Source records

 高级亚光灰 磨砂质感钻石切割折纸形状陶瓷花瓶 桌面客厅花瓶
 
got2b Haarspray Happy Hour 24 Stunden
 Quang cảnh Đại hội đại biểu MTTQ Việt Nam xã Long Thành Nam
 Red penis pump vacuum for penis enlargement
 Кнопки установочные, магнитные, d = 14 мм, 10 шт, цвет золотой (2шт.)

> **Activity**:
Write out all of the records above exactly as they appear.

> **Reply**:
 高级亚光灰 磨砂质感钻石切割折纸形状陶瓷花瓶 桌面客厅花瓶
 
got2b Haarspray Happy Hour 24 Stunden
 Quang cảnh Đại hội đại biểu MTTQ Việt Nam xã Long Thành Nam
 Red penis pump vacuum for penis enlargement
 Кнопки установочные, магнитные, d = 14 мм, 10 шт, цвет золотой (2шт.)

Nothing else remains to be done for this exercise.